Youth Groups May Get Bigger Fairgrounds Discount
The gnashing of teeth from kids clubs that use Spokane’s fairgrounds soon may be silenced.
For two years, nonprofit youth groups have warned that the county’s policy of charging them half-price for renting the fairgrounds might force them to eliminate shows or move into other counties. Now, county commissioners may cut the fee to 20 percent of what they charge everyone else.
“I’m really, really tickled with this proposal,” said Treva Norris, business manager of the annual Spokane Junior Livestock Show.
But other aspects of the rate structure proposed by the fairgrounds advisory committee don’t tickle those who testified at a commissioners’ hearing Tuesday night.
Commissioners said they’ll decide in two weeks whether to adopt the changes.
The advisory board suggested charging promoters a fee for parking, ranging from $18 a day for groups that rent the small goat barn to $519 if the massive exhibit hall is rented. It would be up to promoters to pass on that cost to the people who come to their shows.
Camping at the fairgrounds would cost $7 to $15 a night under the proposal, depending on whether the camper requires water and electricity. Currently, the county charges $10 a night, whether visitors shiver in pup tents or sleep in RVs equipped like homes.
The parking fee would have raised $100,000 for parking lot pavement and maintenance had it been in place last year. About $2,200 of that money would have come from the Game Fish Show, said show director Russ Oberlander.
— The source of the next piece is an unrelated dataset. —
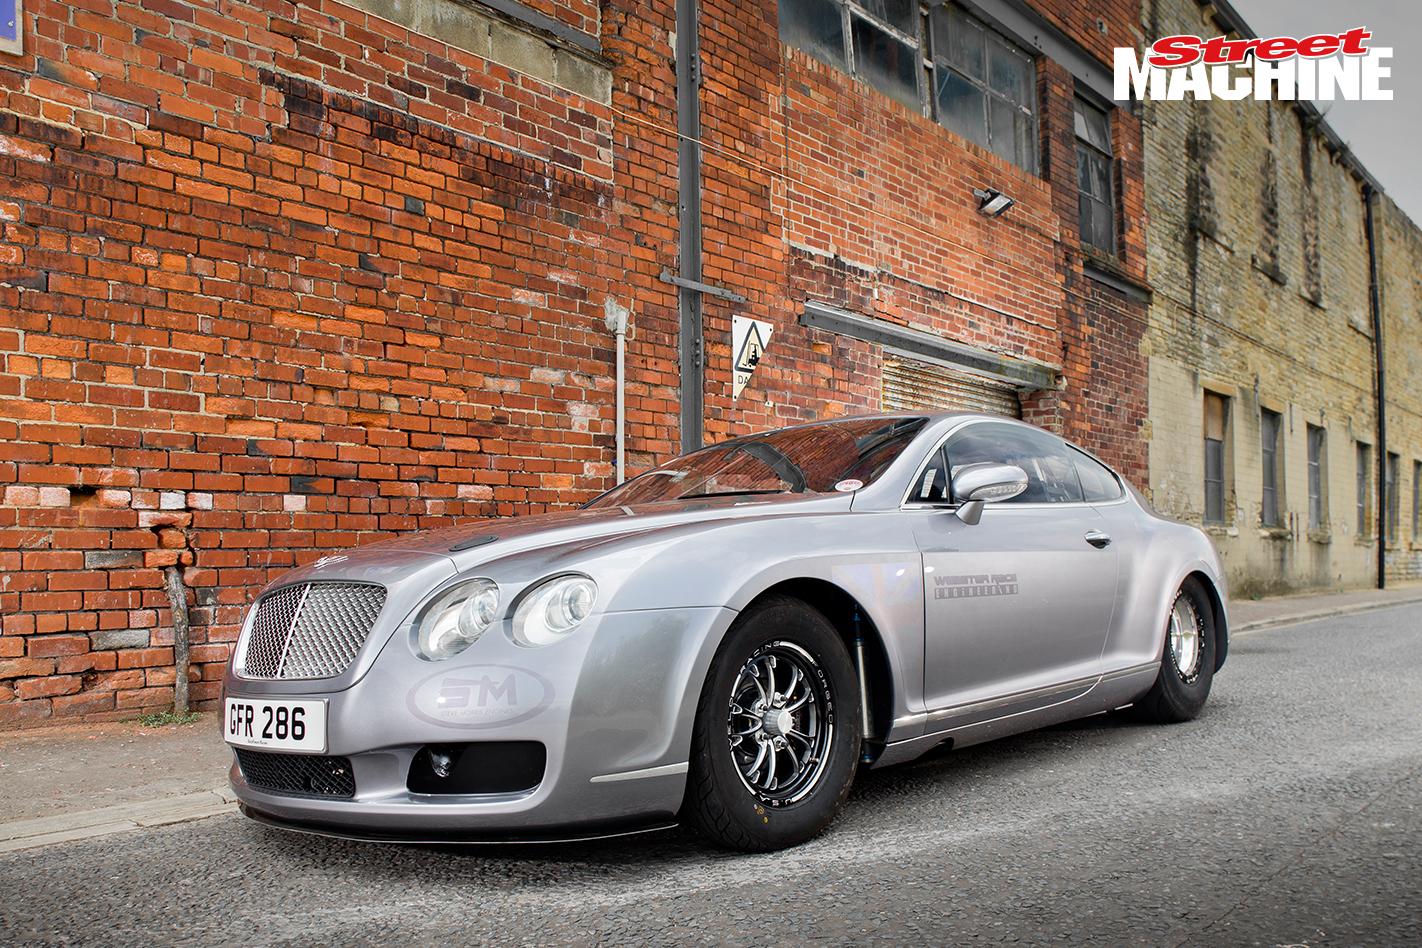 Bentley GT Drag Race Car 10 Nw

“That’d be more than one-third of a fishing dock at Bear Lake or at Fish Lake,” said Oberlander, listing projects the Spokane Walleye Club has funded with money made at the annual fishing show.
Promoters couldn’t possibly charge customers a parking fee, said Richard True, organizer of the annual Inland Empire Toy Extravaganza, which is at the fairgrounds.
“I don’t care how much paint they put up, the glory of the … fairgrounds is the free parking,” True told commissioners.
Nonprofit youth groups would get a 25 percent break on the camping fee and an 80 percent break on parking, under the proposal.
That’s still too much, said Jim Wentland, a volunteer at the Junior Livestock Show. He warned that the 700 or more farm families who attend the show - some from as far away as Montana - will balk at the fees.
For 60 years, the county charged nothing - or just enough to cover some expenses - when shows at the fairgrounds benefited children. Organizers of the Junior Livestock Show - which lasts four days and uses eight buildings - paid just $2,500 to $3,000 to cover janitorial costs.
Commissioners in 1996 decided the county no longer should offer use of the fairgrounds - or any county facilities - for less than it costs the county for set-up, clean-up and utilities. Doing otherwise violated state constitutional prohibitions against “gifting” public property, commissioners said.
The fee was set at half the full rate, upping the livestock show’s bill to about $18,000 a year. Other groups, such as 4-H and horse clubs, also saw their rates climb astronomically and threatened to find new venues for their competitions.
The proposed rate change reflects the county’s actual cost of setting up the shows, paying utilities and cleaning up afterward, fairgrounds manager Dolly Hughes said. Groups can cut the cost still more by doing some of the work themselves.
Norris said she wasn’t yet sure how much the Junior Livestock Show will save under the new rate structure.
The show is partly funded through the pari-mutuel tax collected on bets placed on horse races. But the show’s share of that tax has slumped about $6,000 in recent years, Norris said.